Amazon Web Services has added a small but important resiliency feature: its Elastic Computing Cloud (EC2) instances now include automatic recovery by default.
EC2 instances could previously be configured to recover automatically by setting an alarm in Amazon CloudWatch – AWS’s monitoring and observability service.
But AWS has recovery enabled by default in EC2 instances.
AWS states that if an underlying hardware issue occurs, then EC2 instances will find themselves a new home in the Amazon cloud – complete with their instance ID, private IP addresses, public IPv4 IP address, elastic IP addresses, and all instance metadata. However, data in memory is lost.
AWS’s brief announcement of the new feature and other documents make no mention of data recovery points on the disks, or the time it takes for a self-recovered server to resume operations.

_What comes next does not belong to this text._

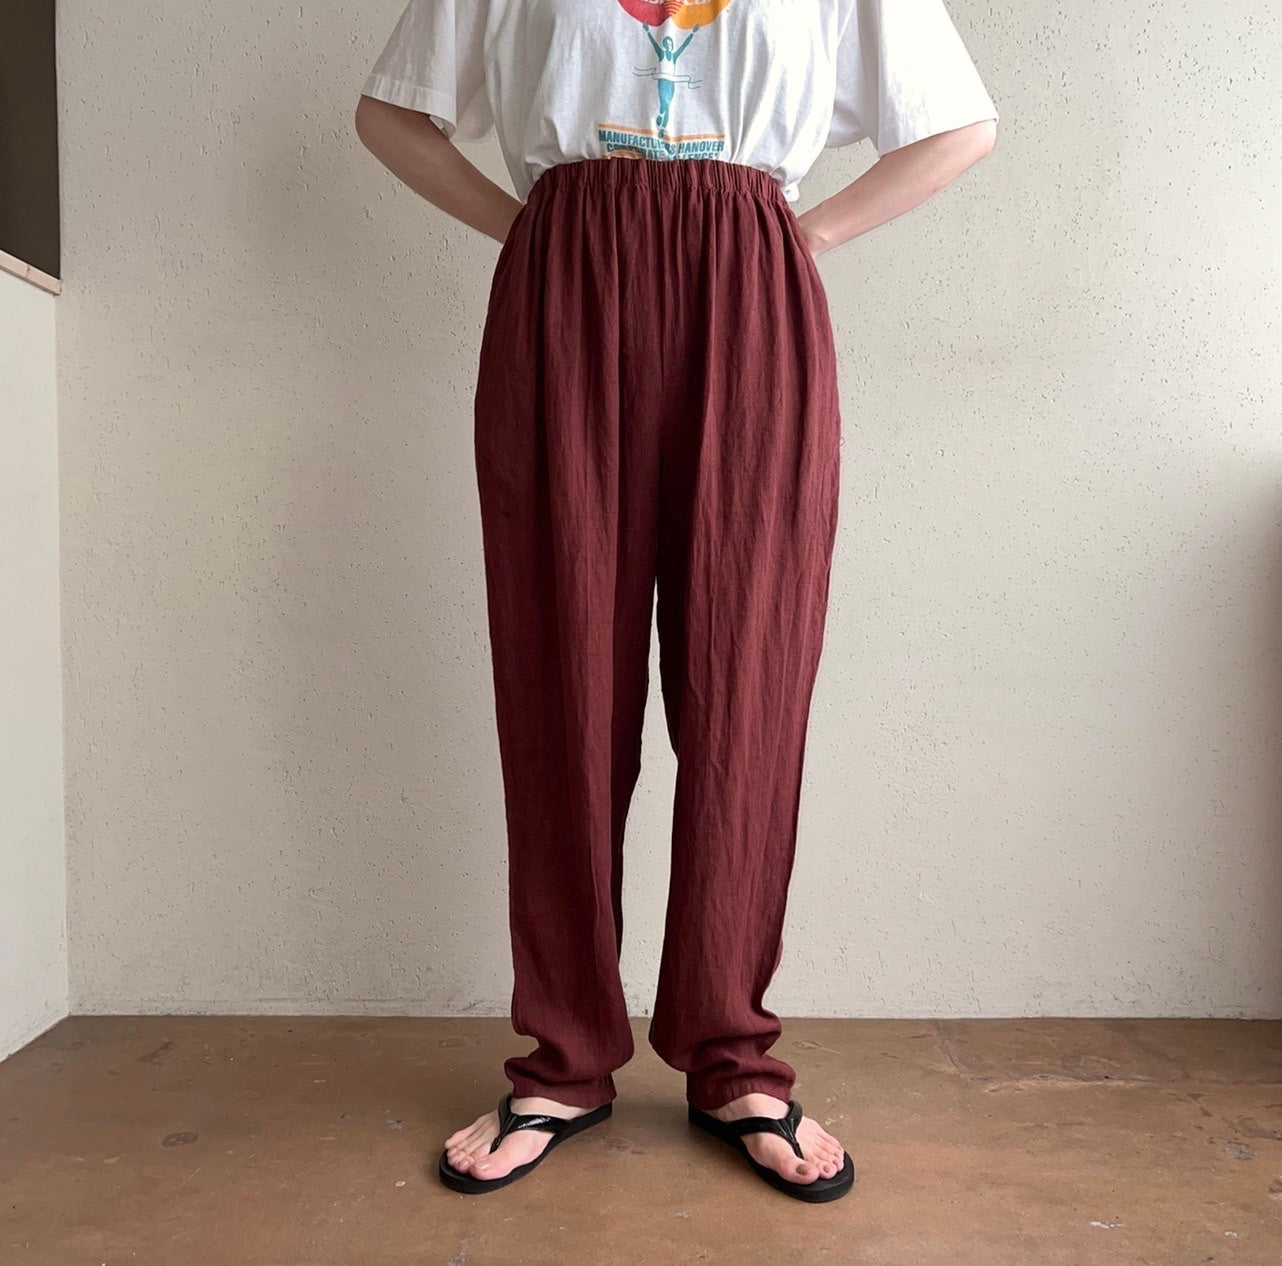 90s "Russ Berens" Two-Piece Made in USA
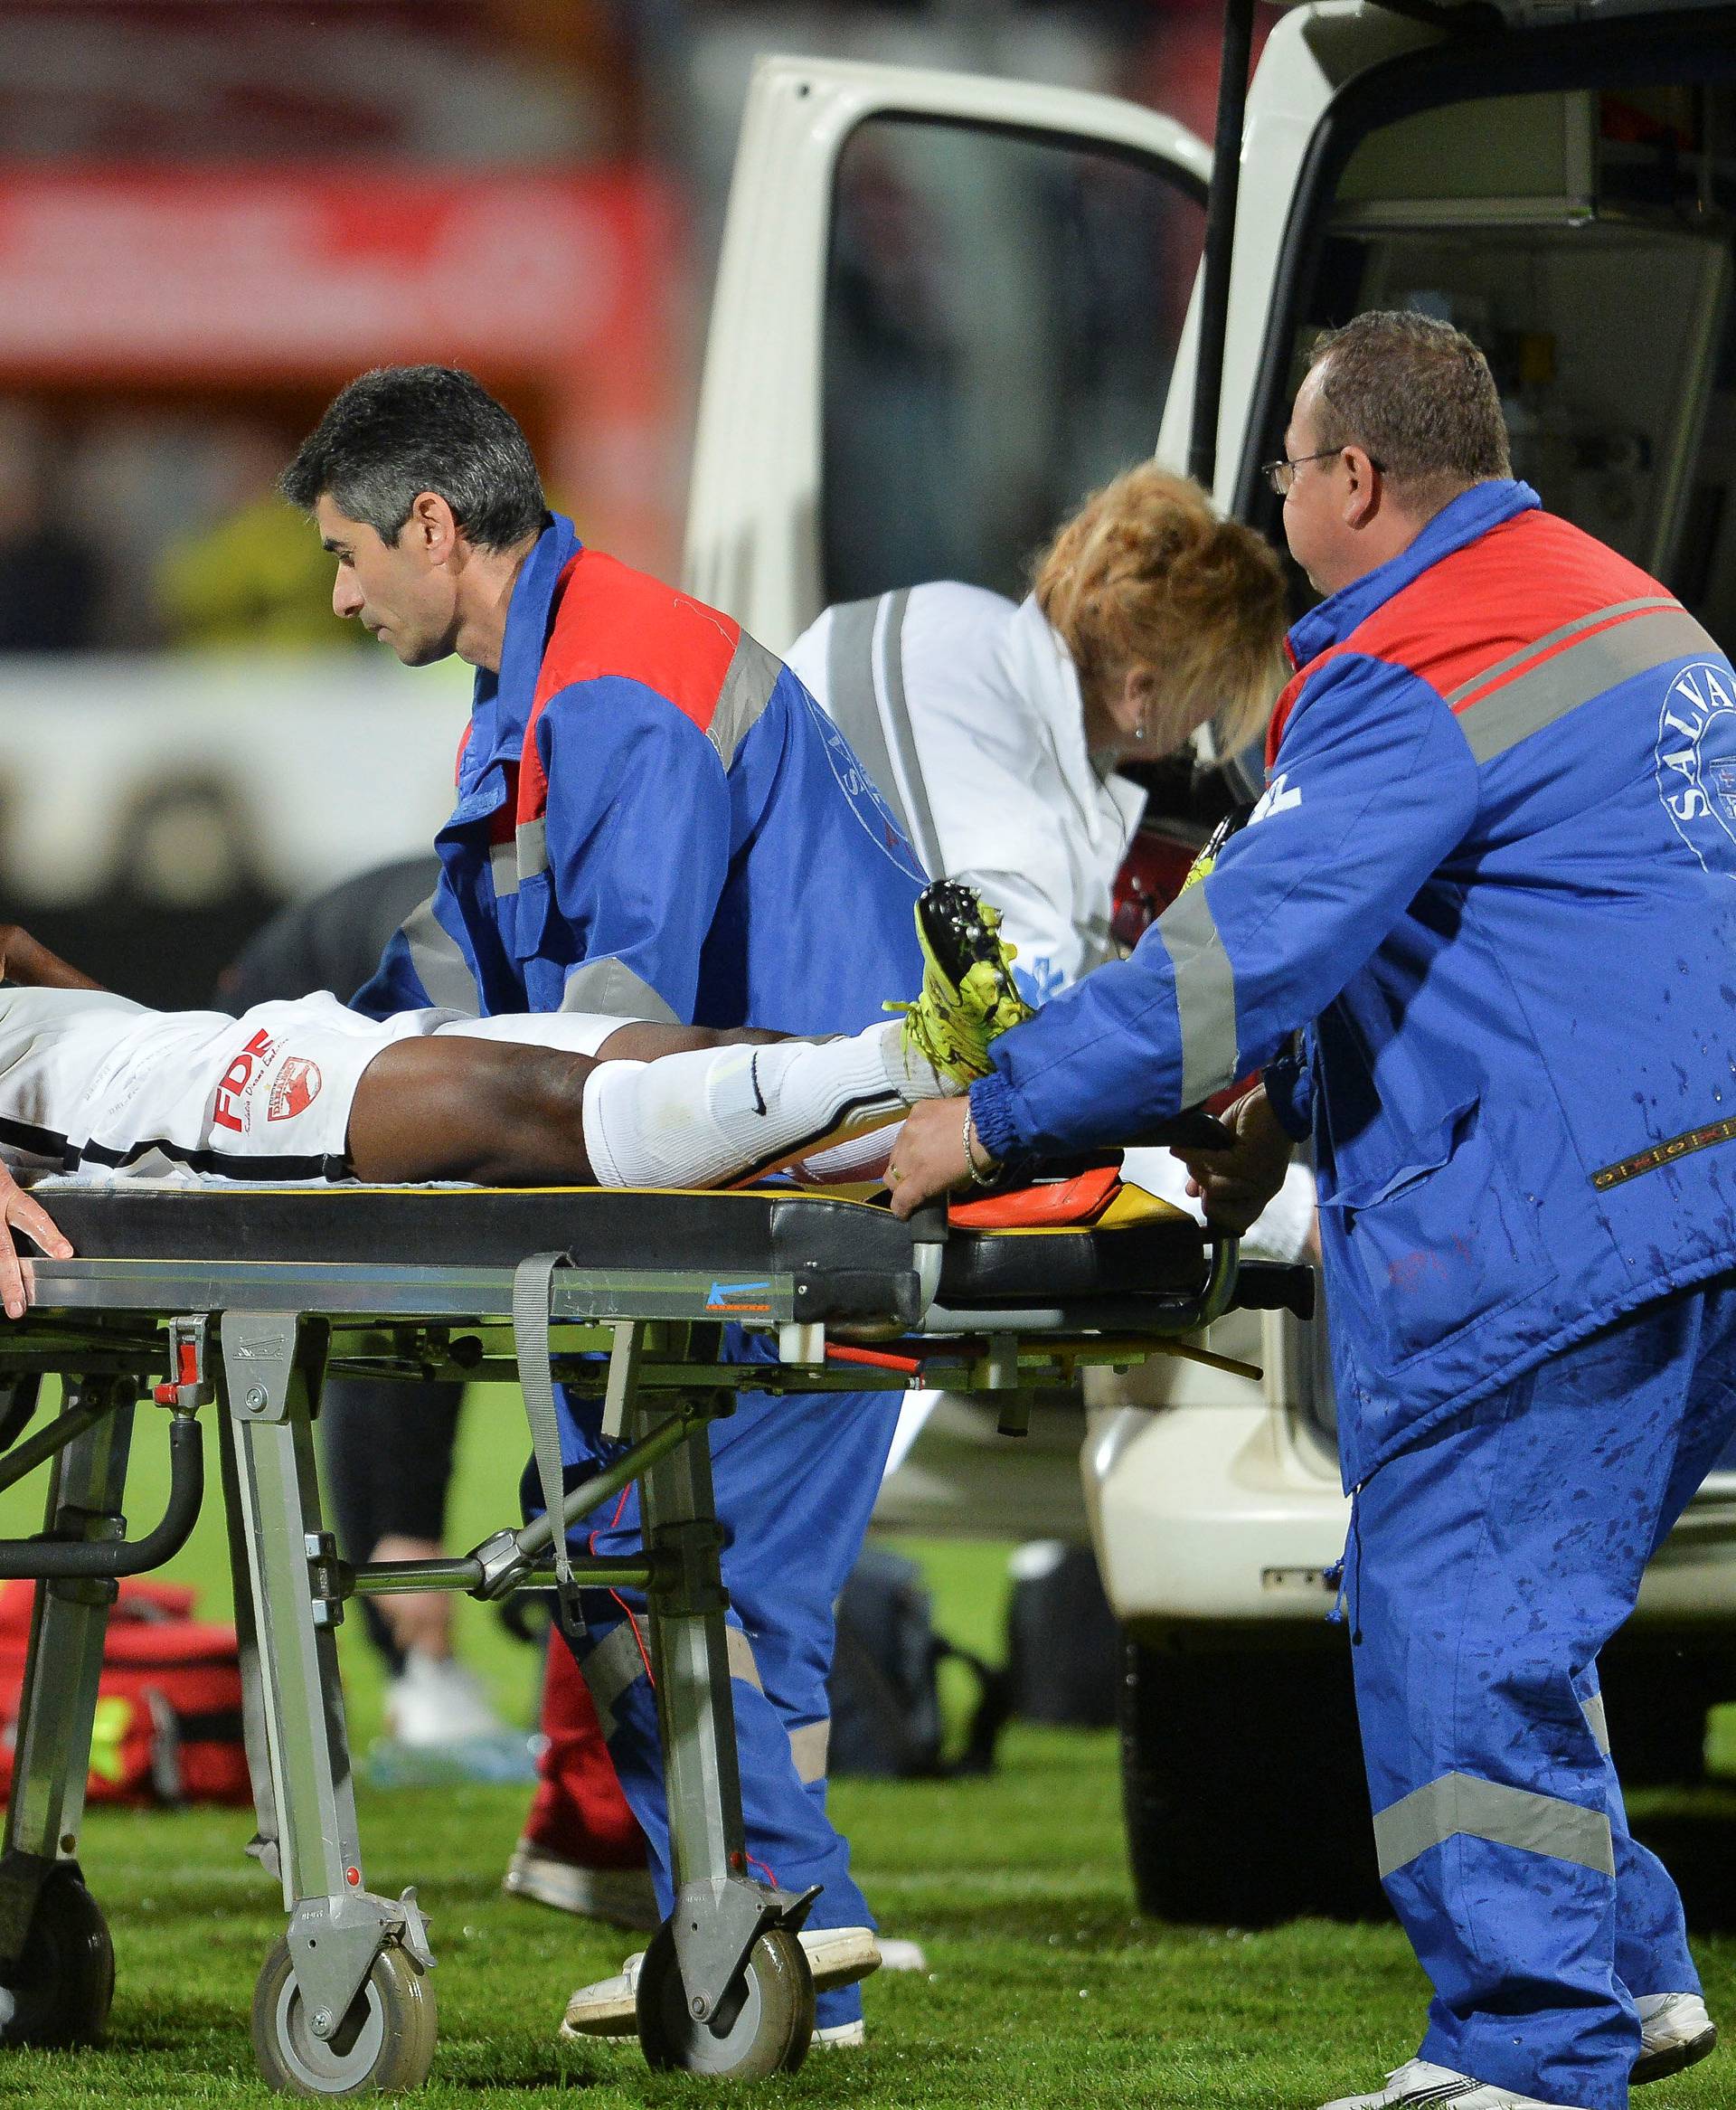 Dinamo Bucharest's Ekeng is transported to an ambulance after collapsing during a play-off match against Viitorul Constanta in Bucharest

It is always possible to disable the automatic recovery function. This might seem like an odd choice to make, but the AWS documentation offers a reason to consider it: instances in placement groups (an AWS feature that lets you ensure that instances are running a particular hardware group) are restored to the same placement group. Server hardware failures can easily indicate a problem in a rack or row. Therefore, auto-recovery in an unstable environment may be a less attractive option than auto-recovery in another Availability Zone or Region.
AWS recommends working across multiple Availability Zones for resiliency, while failures in large regions like the venerable US-EAST-1 have found that building resiliency across multiple regions is also quite reasonable . ®